Here, we assumed that diversity acts in forest biomass and productivity through different pathways and that their joint effects can be disentangled by disaggregating forest biomass into its components: the number of trees, the tree volume and the wood density. Most BEF studies indeed ignored the fact that there are several ways to build forest biomass at the stand level, that is, with a higher number of trees, with larger trees or with higher wood density. Because diversity may act separately and simultaneously on each of the biomass components through different ecological mechanisms, these different effects may add up to each other, potentially leading to confounding effects.

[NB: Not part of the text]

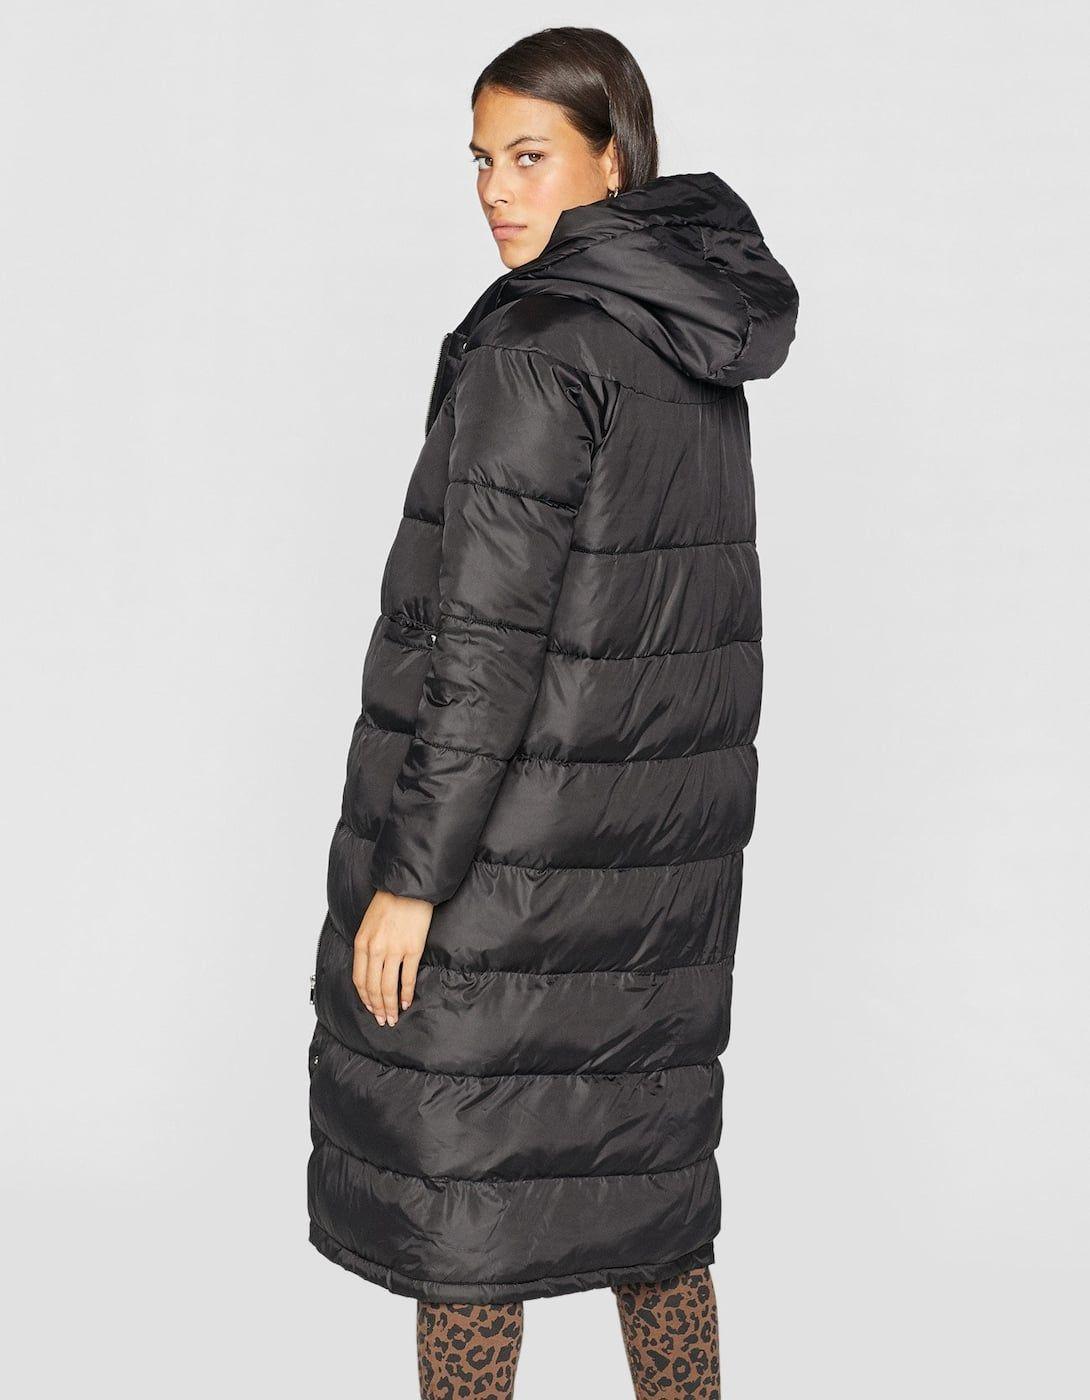 Dlugi Ocieplany Plaszcz Z Kontrastujacymi Elementami Plaszcze Stradivarius Polska Winter Jackets Jackets Fashion

Previous studies conducted on forest ecosystems have suggested that the effect of diversity on biomass and productivity is context-dependent, because of differences in environmental and historical contexts (Van de Peer et al., 2018). In particular, forest disturbances cause shifts in species diversity and composition and generally reduce the mean wood density and volume in the short term, which alters competitive interactions between individuals and allows competitors to coexist where they would normally be excluded (Carreño-Rocabado et al., 2012; Slik et al., 2008). These shifts are mainly caused by increased light availability in the understory following forest structure modifications (Yamamoto, 1992), which may alter the BEF relationship observed in undisturbed communities. Given the rapid erosion of biodiversity (IPBES, 2019) and loss of undisturbed tropical forests (Vancutsem et al., 2021), it is important to understand if and how the relationship between diversity and ecosystem functioning is altered in second-growth tropical forests, which are currently estimated to represent half of the global tropical forests (FAO, 2020).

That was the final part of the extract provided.